Thass, you sound like some of the engineers we work with here.
Perhaps you should pay some attention to what they're telling you?
Mostly, the ones who fail to recognize that I've been a technician for over thirty years, and I've seen ample cases of problems arising from skipping over regular maintenance.
I do not doubt you, but you are moving from the specific (in this case exhaustion of a chemical reaction) to the general (all regular scheduled mainteneance) back to a specific (regulators) that you have a small fraction of my experience with.
Keep in mind that, in my job, I'm paid the same whether I work on the equipment or not. It's no skin off my nose if the engineer lets me do the preventative maintenance on his equipment or not; I'm paid by the hour and not by the job. I'm just as happy to be left alone in my lab, as to be elbows deep in equipment that's older than my grown children.
It sounds to me like you have a workplace issue that has no relation to our discussion here.
While there may not be charted empirical data on the deterioration rate of o-rings, for example, a good tech will soon see a pattern emerging on the equipment he works on. In an area like Tucson, such rubber parts tend to break down faster than they would in cooler, more humid areas. Our hot, dry air is not conducive to rubber and plastic parts holding up well. "Dry rot" is common around here, and a good reason for having such parts inspected and replaced on a regular basis.
I'm not saying that parts should not be replaced. I'm not saying that regulators should not be inspected. I'm saying that yearly rebuilding is wasteful and there is no empirical evidence to support it. In point of fact, most of us who have looked inside of hundreds of regulators per year or been responsible for those regulator's maintenance do not support the idea of a yearly rebuild, rather we favor a time and use based inspection schedule combined with performance monitoring by the end user.
A failure doesn't have to be catastrophic to cause problems. A cheap part that would be easy to replace - if you had it - can bring a variety of activities to a halt, or at least, take much of the fun out of them.
If you have a trip coming up it is only reasonable to have an inspection done and any needed servicing far enough in advance to permit a few dives prior to departure since there's a much higher likelihood of failure post servicing.
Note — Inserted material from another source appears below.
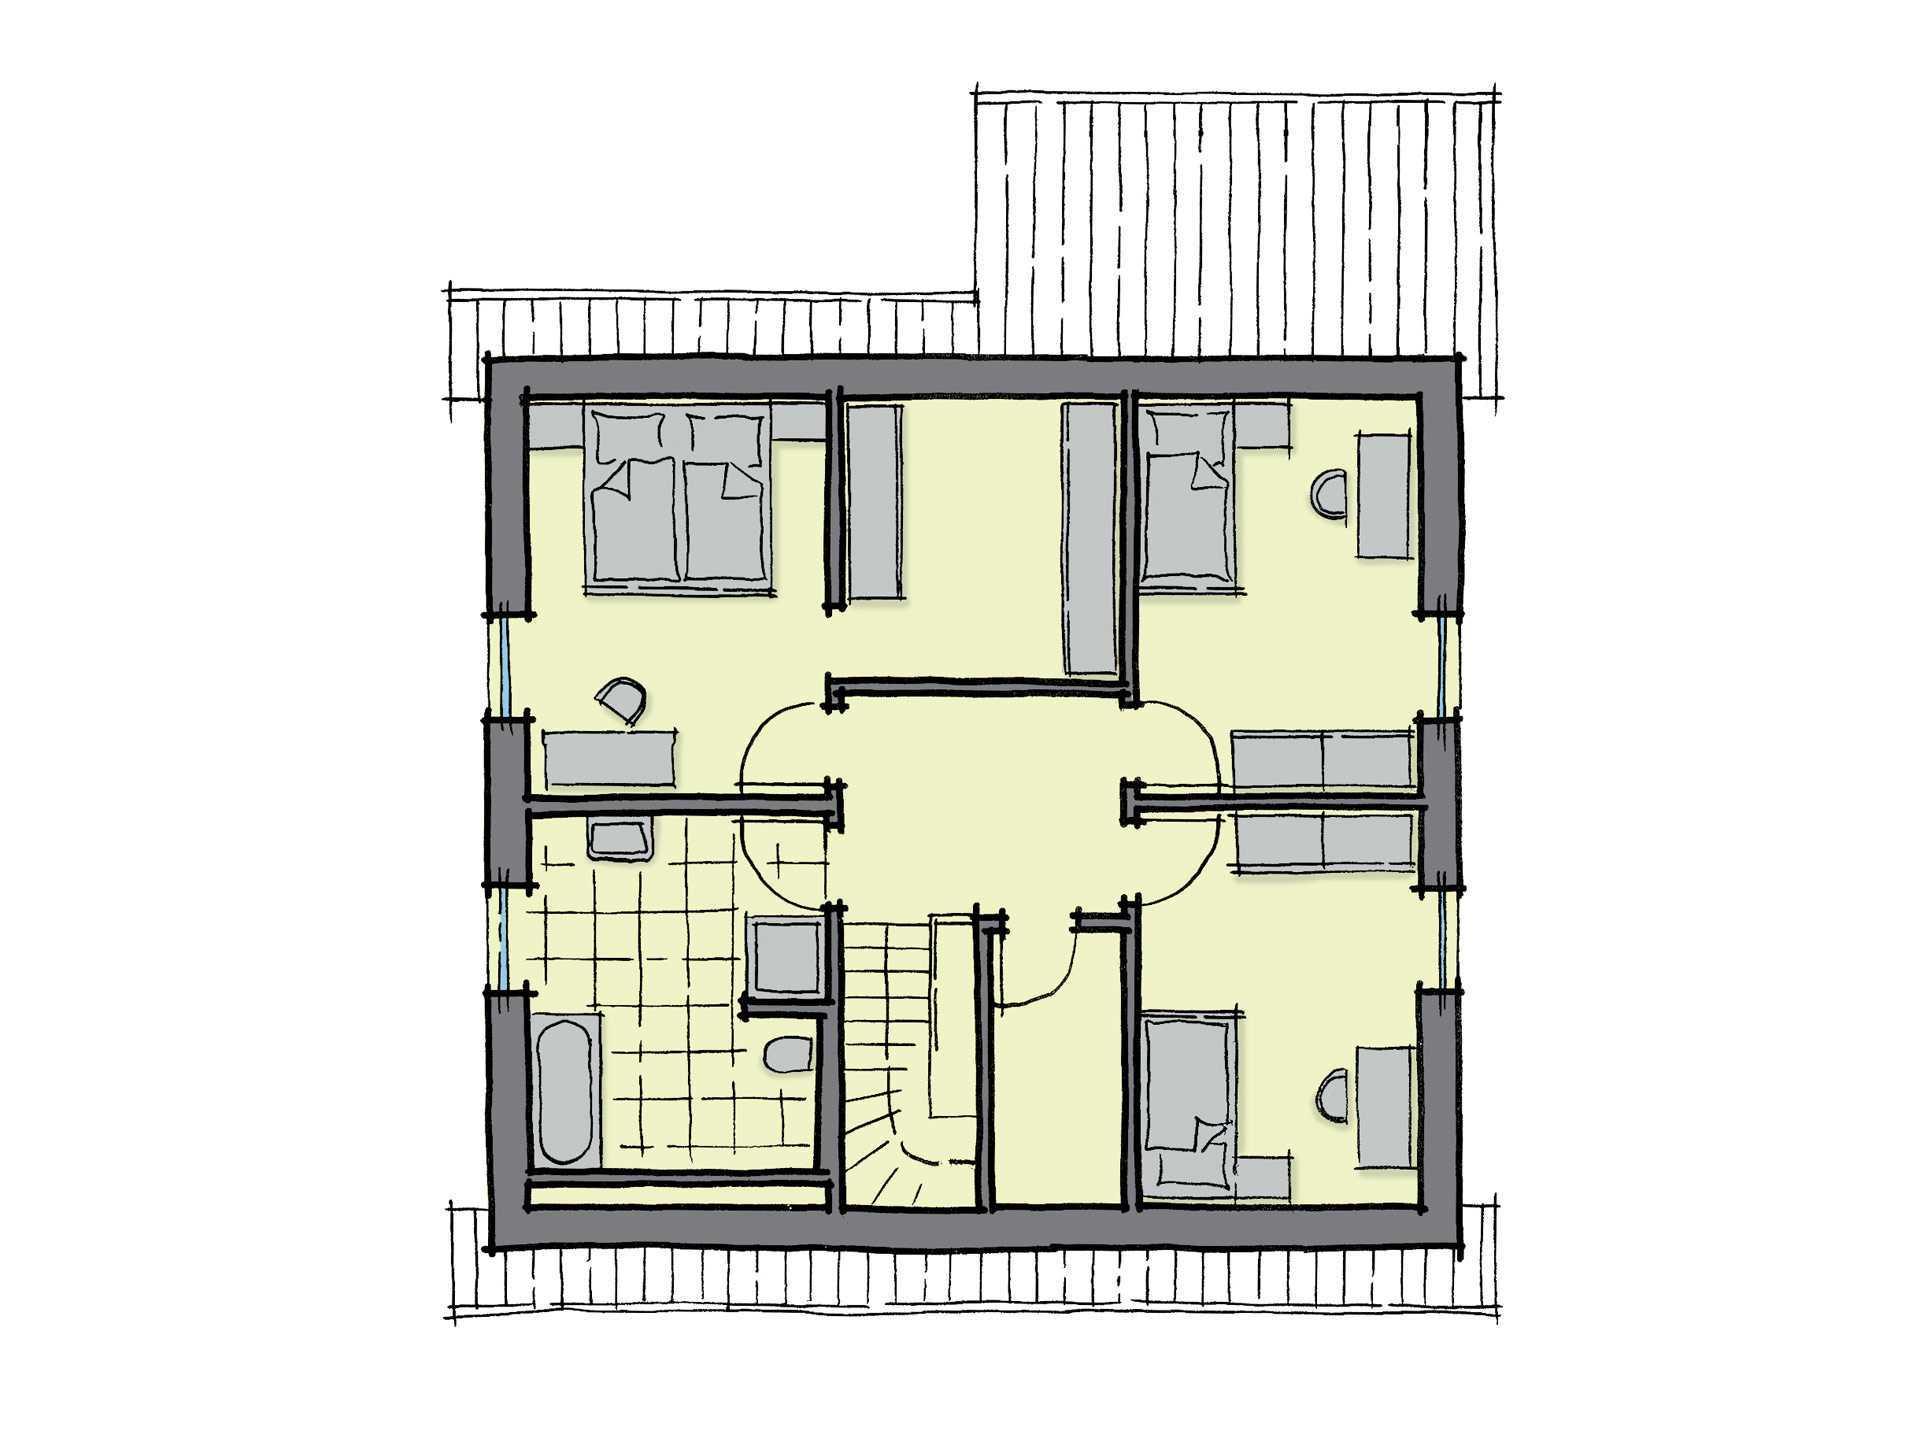 Grundriss Dachgeschoss Einfamilienhaus Buchenallee Variante 2 GUSSEK HAUS

You can call it fear mongering if you want, but just like regular maintenance of an automobile helps prevent premature wear of the engine, or failure of the brakes, or a loss of power because of clogged filters, or whatever, regular maintenance of scuba gear can keep things working properly.
Reulators are not engines or brakes or fuel systems; it is illogical to extrapolate from a car to a regulator.
Perhaps you should read you own signature line. I've been in repair and maintenance since I was 18 years old, performing such tasks for the Air Force, for a major defense contractor, for a cable television company, and on my own possessions. I've had 31 years of uncomfortable thinking on this subject, so I'm rather comfortable in my opinion on it.
You have been operating in a "need it or not" servicing environment on systems that both extensive failure mode analysis, part tracking, and mean time to failure testing and data gathering are done.
If we must perform the obligatory logical fallacy known as an "appeal to authority," then consider that I've had more than thirty years of being responsible for hundreds of sets of exactly the type of equipment that we are discussing here, not systems that have little or no resemblance to diving equipment. In my early days I was a firm believer in yearly rebuilds, but experience has taught me that, at least with respect to regulators, that approach is both wasteful and creates more problems than it solves. So either I'm way off base, or the community is being sold a bill of goods by someone, with folks like you an honest regulator techs being mislead down the primrose path.